Intention to seek accreditation with the Institute of Physics, and the Royal Society of Chemistry.
Science and Engineering
Friday 1st November 2013
The Natural Sciences degree programme is a multi-disciplinary course which aims to satisfy the criteria of the appropriate accrediting bodies. Accreditation by the Institute of Physics and the Royal Society of Chemistry will be pursued. The degree programme offers options to allow the depth of study required by the professional institutions to be matched by the breadth necessary for a true interdisciplinary scientific education.

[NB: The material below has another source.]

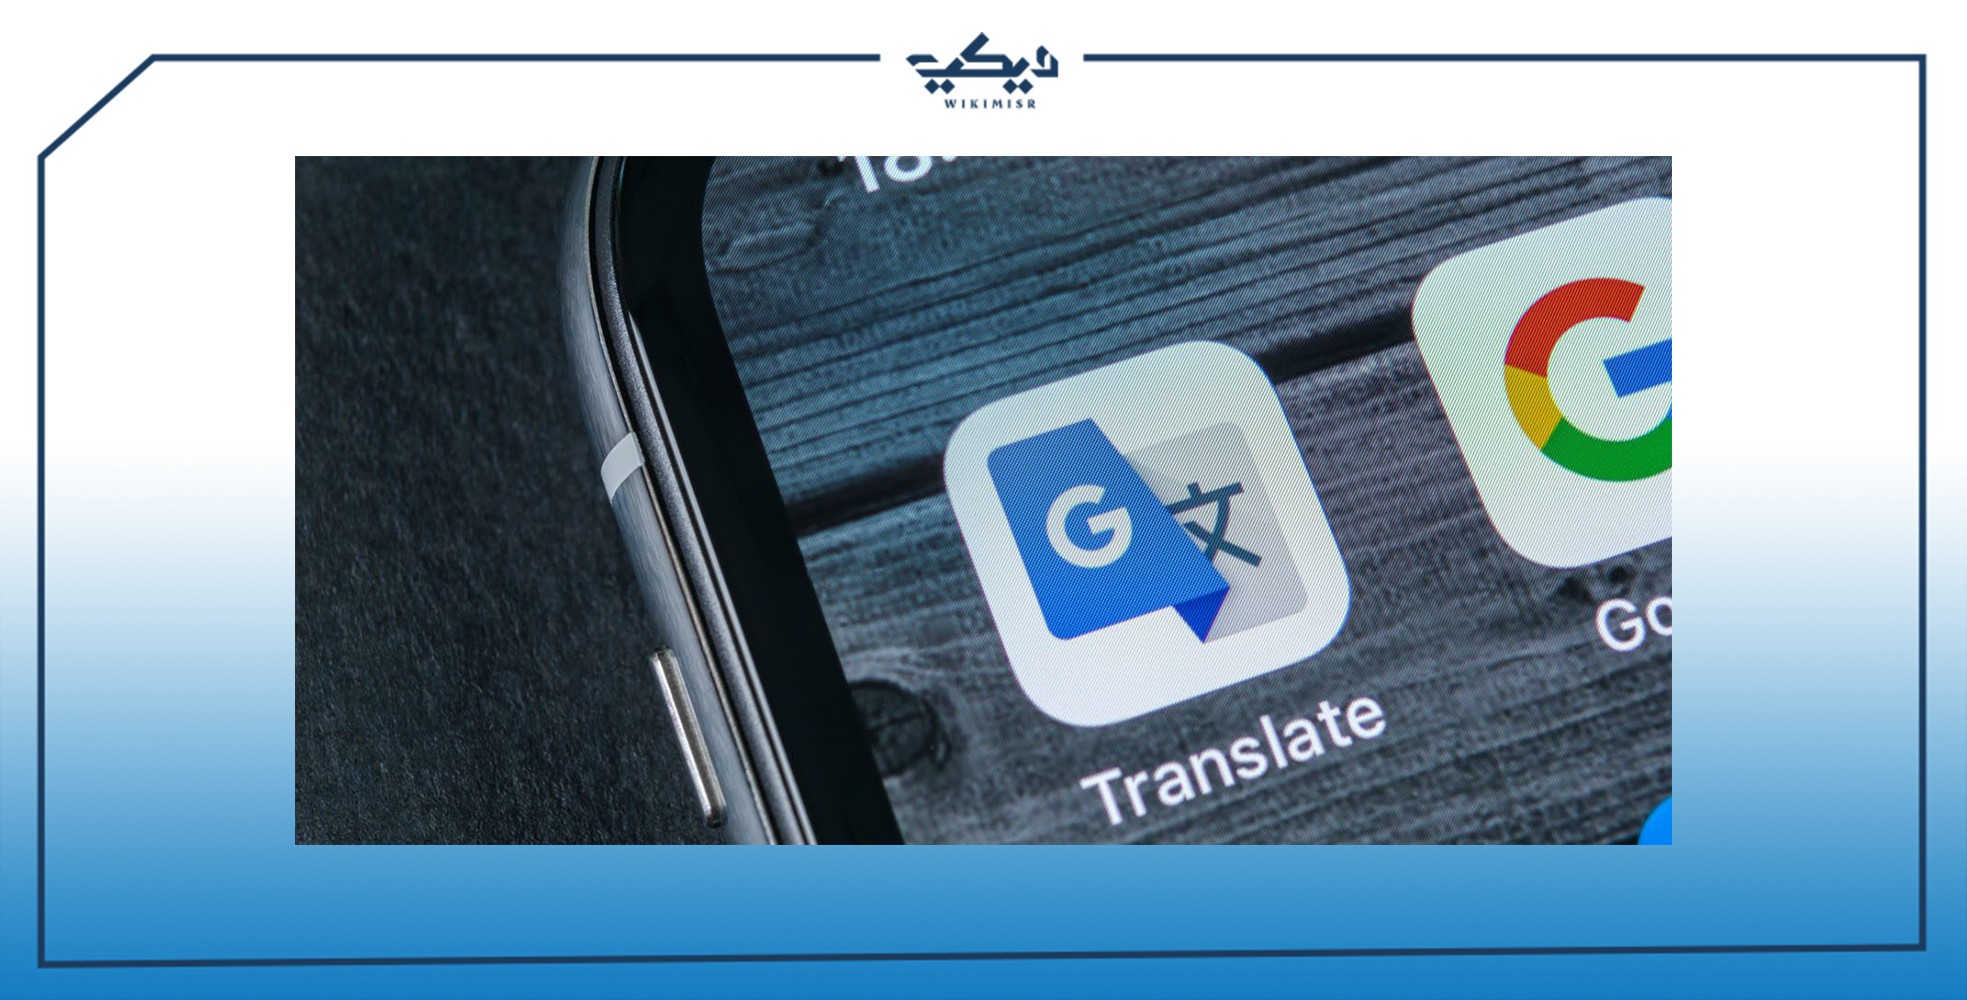 خدمة Google translate ترجمة باستخدام الكاميرا

The B.Sc. programme aims to:
Offer an interesting, challenging, and industrially relevant degree programme that cultivates the synergy between teaching and research;
Lay a common foundation of scientific principles through a core curriculum supplemented by optional modules to allow a suitable degree of specialism;
Develop students’ knowledge and understanding of the fundamental scientific and mathematical tools and techniques used for analysing and modelling complex technological systems;
Equip students with an awareness of science in the wider social, commercial, ethical and sustainable context;
Provide opportunities for access and personal and professional development that will enable students to reach their full potential in all aspects of University life;
Inspire a commitment to life-long learning;
Create highly motivated graduates who will be in demand by a wide spectrum of employing organisations.

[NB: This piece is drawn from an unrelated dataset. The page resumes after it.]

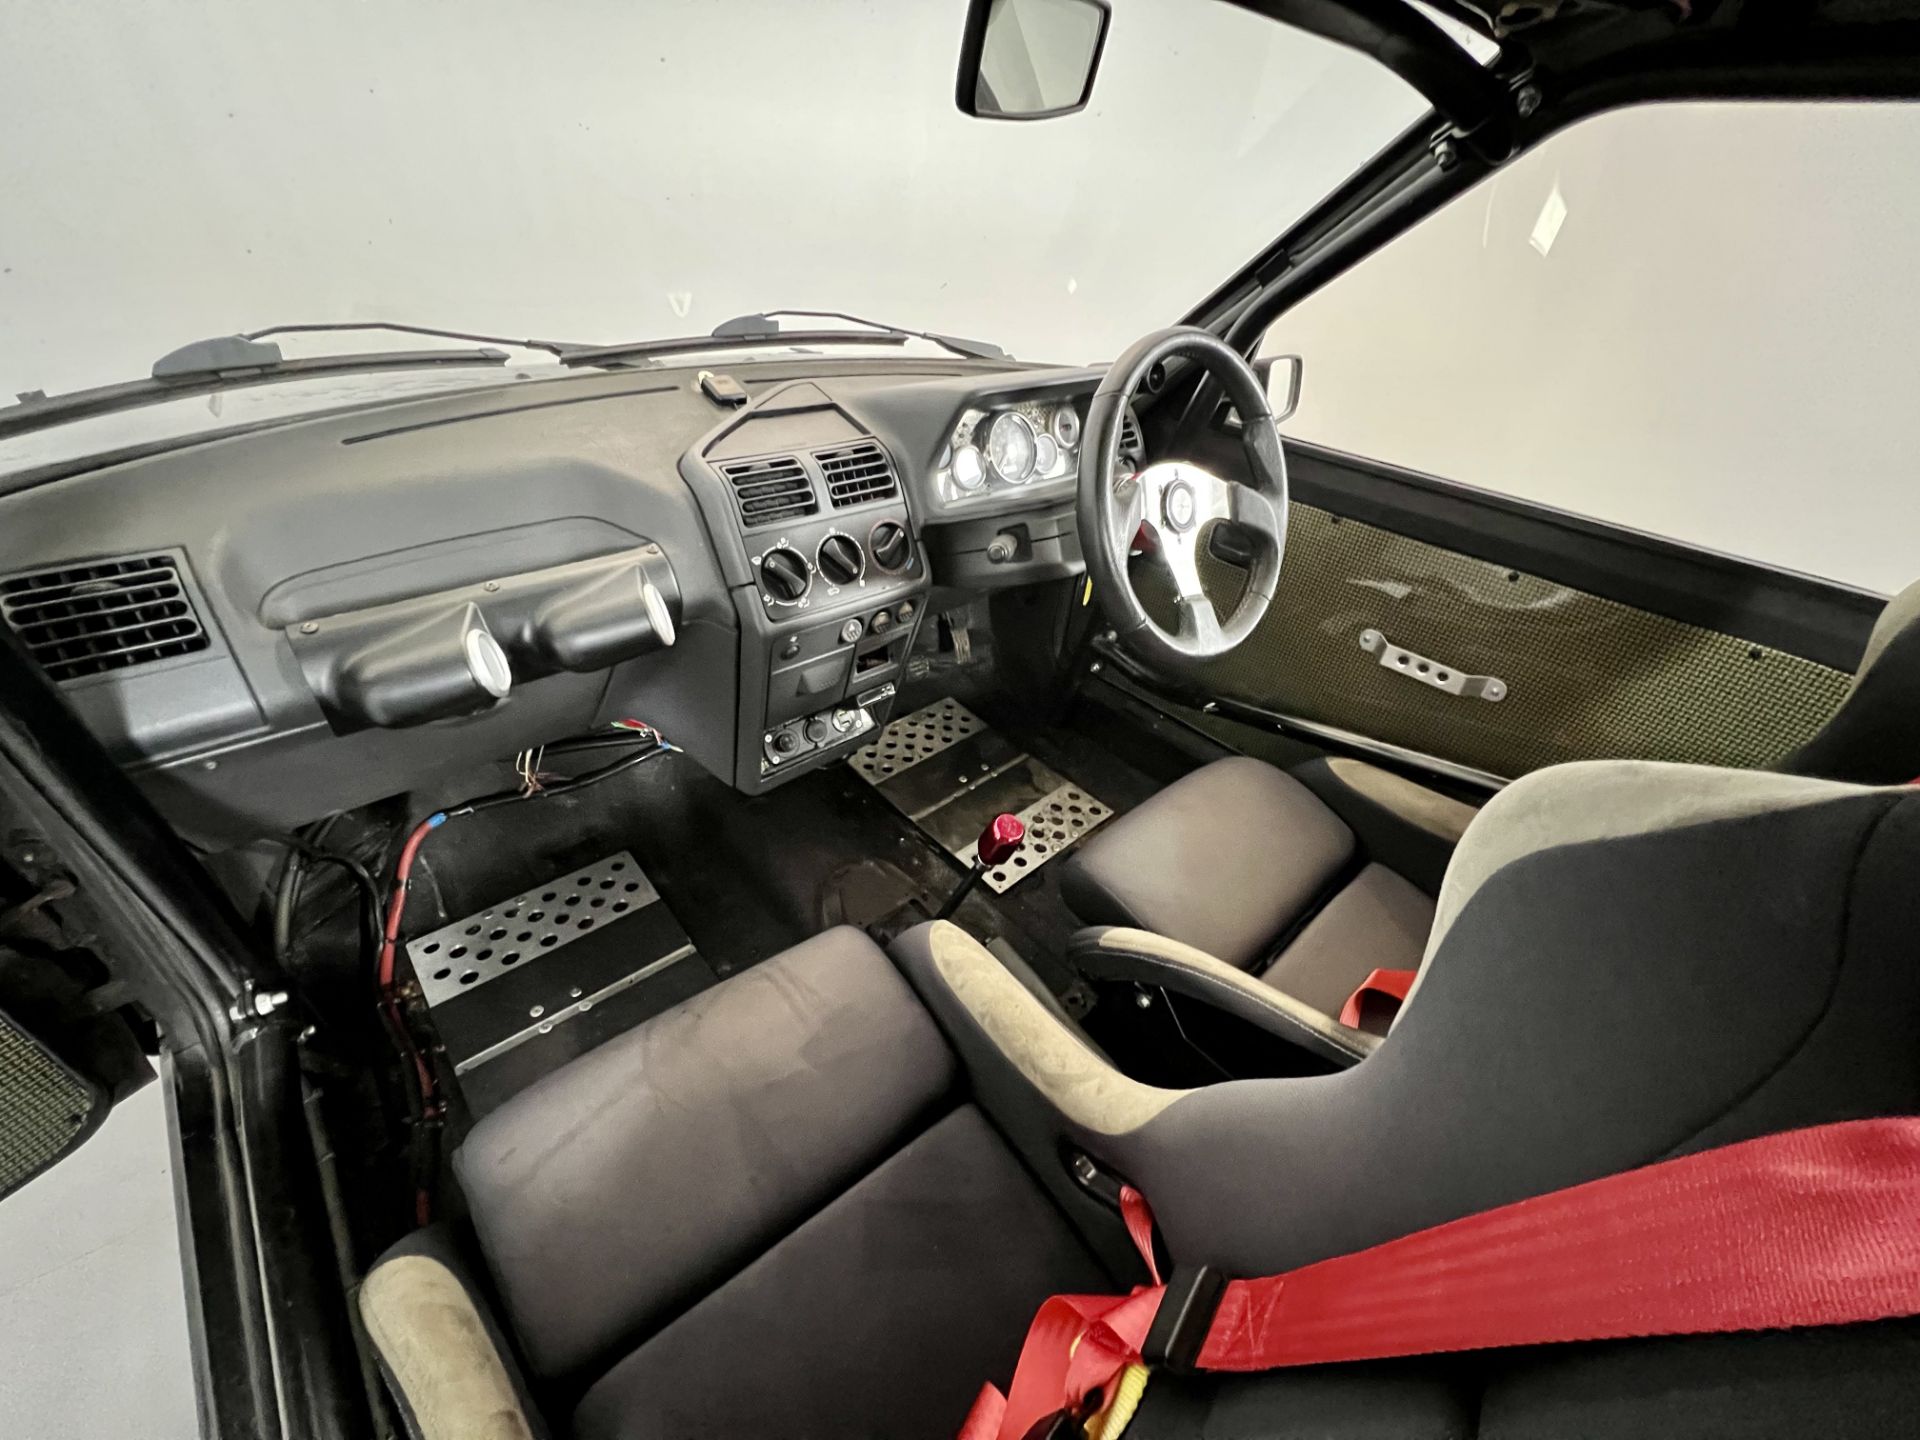 Peugeot 205 GTI Turbo - Image 23 of 26

Overall, the B.Sc. Natural Sciences programme also aims to provide an insight into current scientific developments and their impact on society.
Knowledge and Understanding
The fundamental concepts, theories, principles and limitations of physical science, and chemistry /biotechnology; specialising in one of these areas but with a firm grasp of the basic concepts, theories and principles of the others.
The mathematical concepts and principles that are relevant to the analysis and solution of applied scientific problems.
An appreciation of how the concepts, theories and principles of the chosen specialism feed into and support modern technology.
The commercial and economic context of modern science including the business practices and management techniques that are used to achieve scientific and technical objectives, and how regulatory issues influence scientific activities.
The need for a high level of professional and ethical conduct in science and technology, and the need for scientific activities to promote responsible and sustainable development.
Thinking or Cognitive Skills
A systematic approach to defining and investigating scientific problems and the ability to display creativity and innovation in tackling non-routine applications.
The ability to integrate knowledge and understanding across scientific disciplines in building an appreciation of multi-disciplinary areas.
To be able to select an appropriate strategy to tackle a problem involving one or more unknowns, and to synthesise the results to an appropriate level of detail, taking into account the limitations of the techniques and methods used.
The ability to plan a scientific investigation; to evaluate the results and to make appropriate recommendations based upon these.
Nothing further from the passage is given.